Maybe another way to see it: You certainly can insert, delete or change in the middle of the prefix to transform A[:i] into B[:j]. You can do this many times. But regardless of how many such "middle transformations" you perform, in any edit script that transforms A[:i] into B[:j], the relationship that exists between A[i] and B[j] will be in one of the 3 possible cases I listed. – Durrace 8/3, 2016 at 8:32

The relationship between A[i] and B[j] being only one of three cases are not clear in my opinion. The key point is the "minimal". It is not clear why such induction keeps the amount of transformations minimal. – Earsplitting 14/3, 2016 at 2:58

OK. I think part of the problem is that an "edit script" (i.e., a sequence of insertions, deletions and substitutions, e.g. "Change 3rd character to Q, delete 5th character, insert P after 10th character") doesn't have an intuitive representation. But actually there is a nice representation, which makes that case distinction much clearer: as an alignment. Are you familiar with this representation, and do you accept the one-to-one correspondence between edit scripts and alignments? – Durrace 14/3, 2016 at 11:38

"do you accept the one-to-one correspondence between edit scripts and alignments" I do accept it. – Earsplitting 14/3, 2016 at 15:1

Cool, that makes things a bit easier :) I suggest first of all picking a concrete example problem (e.g. A = BEAT, B = ART) and concrete values of i and j (e.g. i = 3, j = 2). For this subproblem, we are trying to find the optimal way to edit A[:3] = BEA into B[:2] = AR. If we represent any such edit script as an alignment, then the final column of that alignment must look like one of the following: (a) A above R; (b) A above -; (c) - above R. Do you agree? If not, what other possibilities do you see? – Durrace 14/3, 2016 at 15:34

Sorry to dig this up. But as someone coming here to find precisely this answer, and reading through the proof, I had the very same views of the above proof as OP. Namely, "there are actually only 3 possible things that we could do with the last character in each of these prefixes". I have a hard time saying what is wrong with this, but my math intuition was left unsatisfied. That being said, the 1-1 correspondence from edit scripts <-> alignments made things quite clear, and I think should be included in the original answer. Good job @Durrace – Rogers 21/9, 2017 at 6:18

I agree that this answer needs some expansion. You can transform *a into *b without deleting a, inserting b, or substituting a for b, e.g. *a -> *ax -> *ab = *b. I don't know what an "alignment" is or what "pair A[i] with B[j]" means. – Supplicant 23/1, 2022 at 3:30

If you are looking for some "insights" rather than a rigorous proof I can share some thoughts. I figured this out after looking at some code generated data and worked on the proof for a while. The intuition behind my "proof" turns out fairly simple at the end. It takes only a bit thought on top of the following lemma.
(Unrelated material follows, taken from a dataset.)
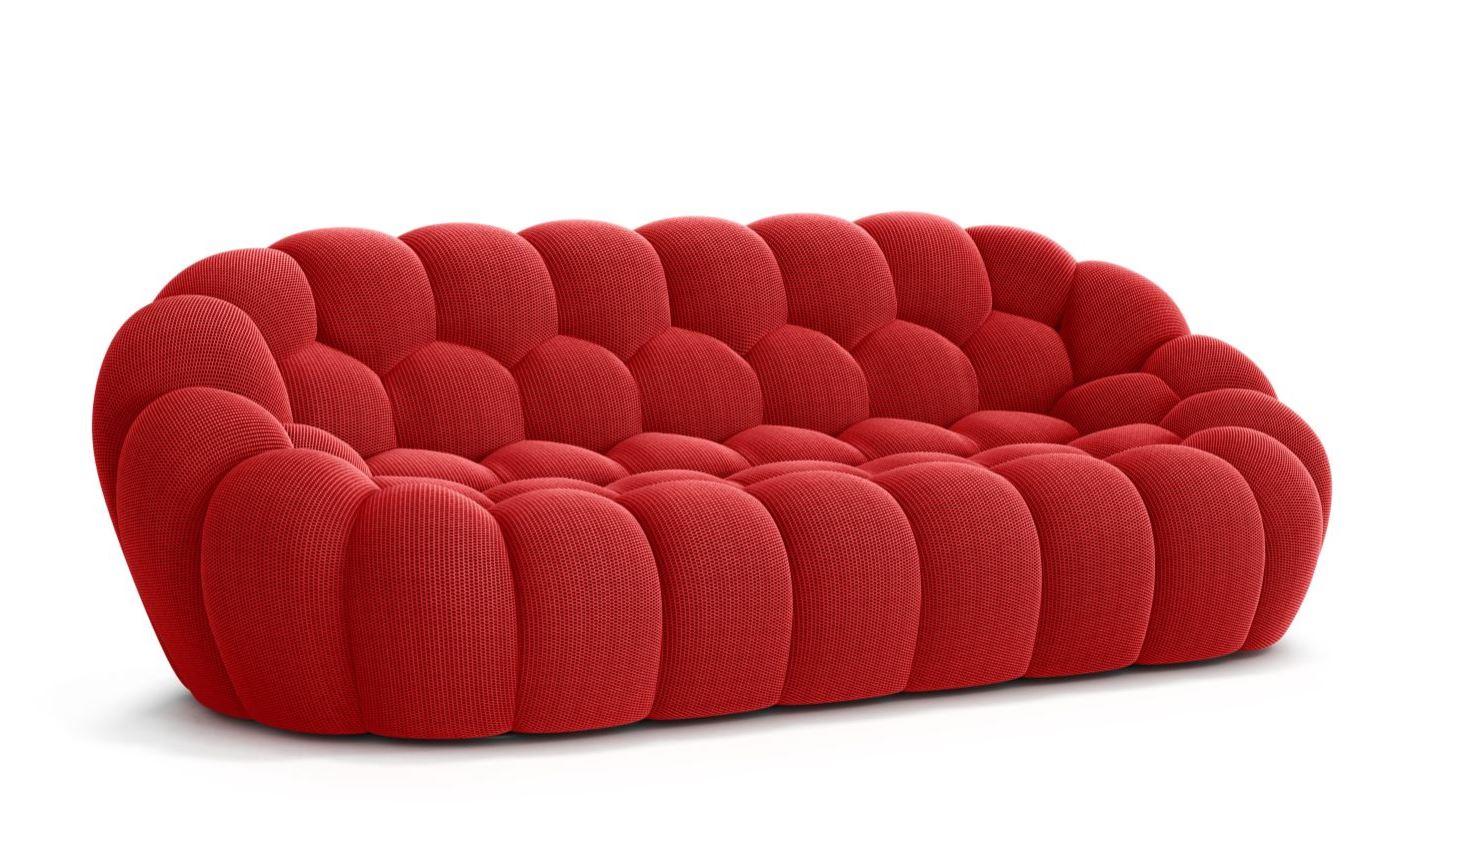 Bubble Sofa Roche Bobois details about roche bobois bubble large 3 seat sofa red new
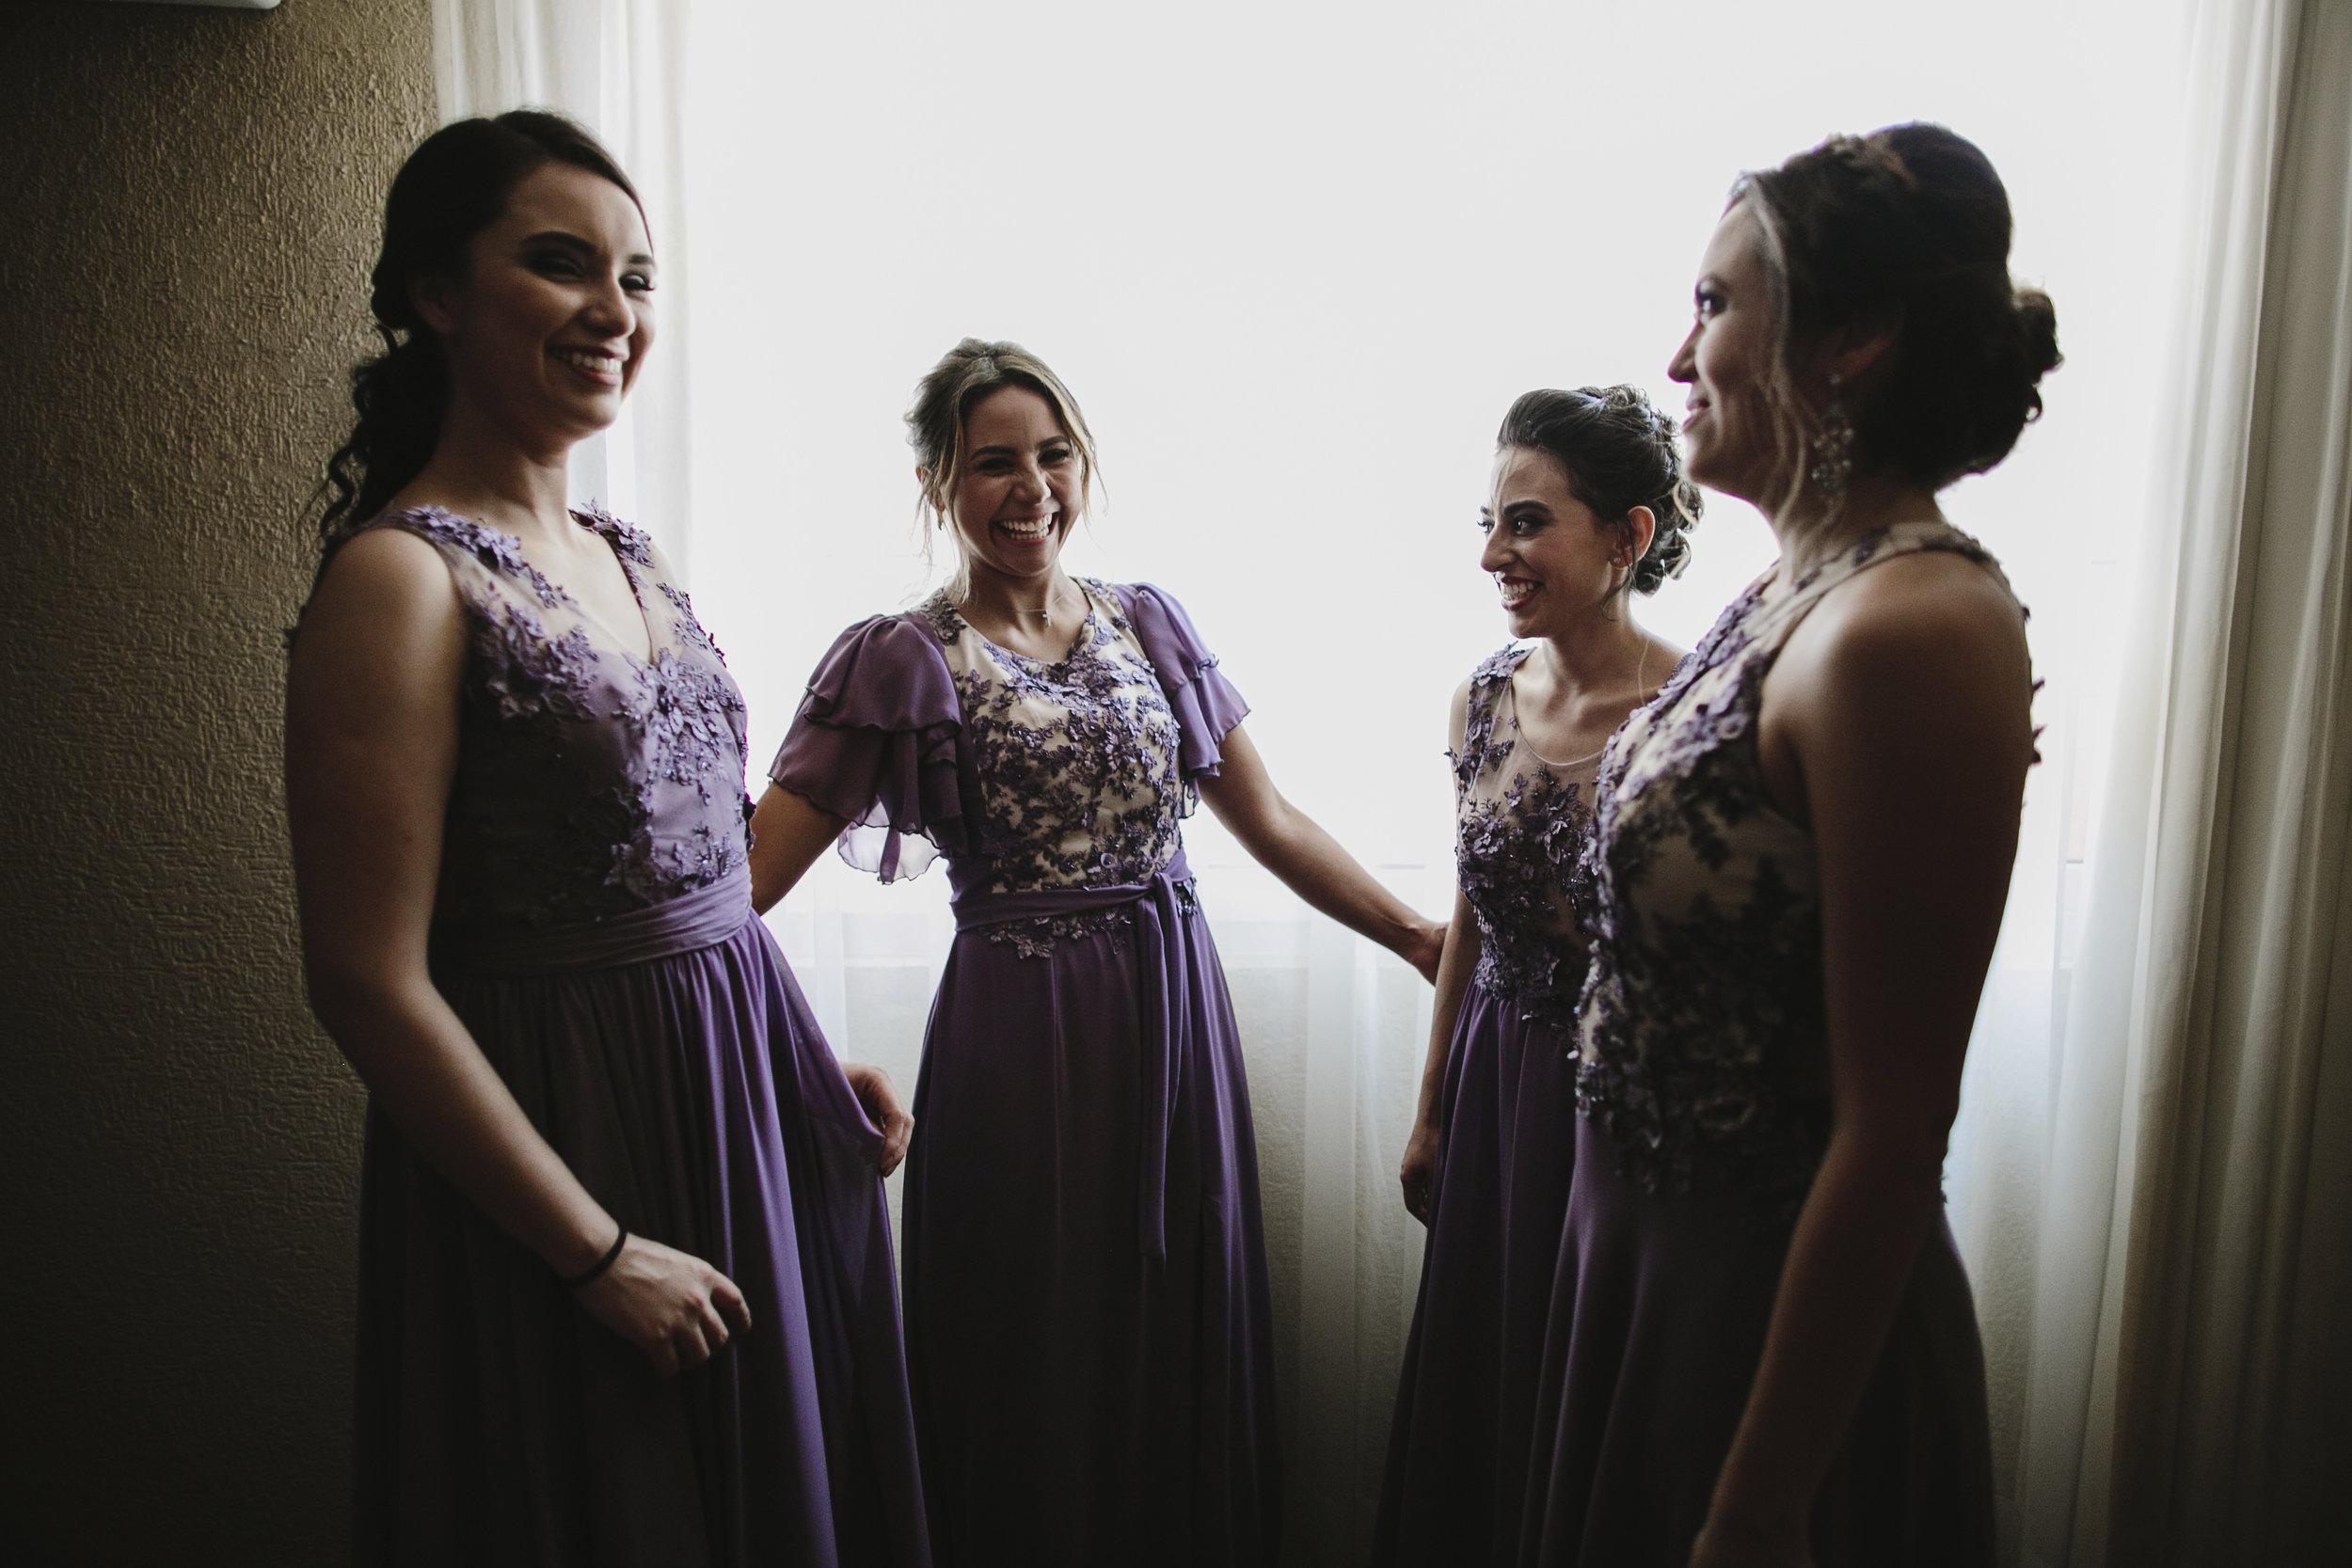 alfons_flores_destination_wedding_photography_mavi_david-676.JPG

Lemma: dp[i][j] >= dp[i-1][j-1].

This lemma guarantees that editing s[0..i) to t[0..j) is indeed a sub-problem to editing s[0..i] to t[0..j]. Then we only have to prove it is also a subproblem that can be used to construct an optimal solution. Note that dp[i][j] might be strictly less than dp[i-1][j] or dp[i][j-1]. So proving the lemma might not be as trivial as it seems. For now, let's just move on.

Then, we prove that dp[i][j] == dp[i-1][j-1] if and only if when s[i]==t[j]. This is also intuitively correct so I omit the formal proof here.

Finally, dp[i][j] is at most dp[i-1][j-1]+1 when s[i]!=s[j] since we can do Insert(i,t[j]) at the beginning of the sequence correspond to dp[i-1][j-1] to edit s[0..i] to t[0..j].

For the proof of the lemma, I tried many ways to make a short and elegant proof but just had not found one yet. I see that induction can do it, but it just not make me so satisfied. But the lemma itself seems so bluntly correct, so I'm just moving forward as a software programmer.

Gallivant answered 8/3, 2024 at 0:57 Comment(1)

As it’s currently written, your answer is unclear. Please edit to add additional details that will help others understand how this addresses the question asked. You can find more information on how to write good answers in the help center. – Planetesimal 9/3, 2024 at 3:46

I couldn't find any satisfying proof so I made one. All the proofs that I've read do not actually prove that the cases are collectively exhaustive.

(A) There always exists at least one optimal series of edits and let it be called Eo

This is trivial.

(B) In Eo there are characters that never get inserted or changed. Let the last of such characters be called pivot.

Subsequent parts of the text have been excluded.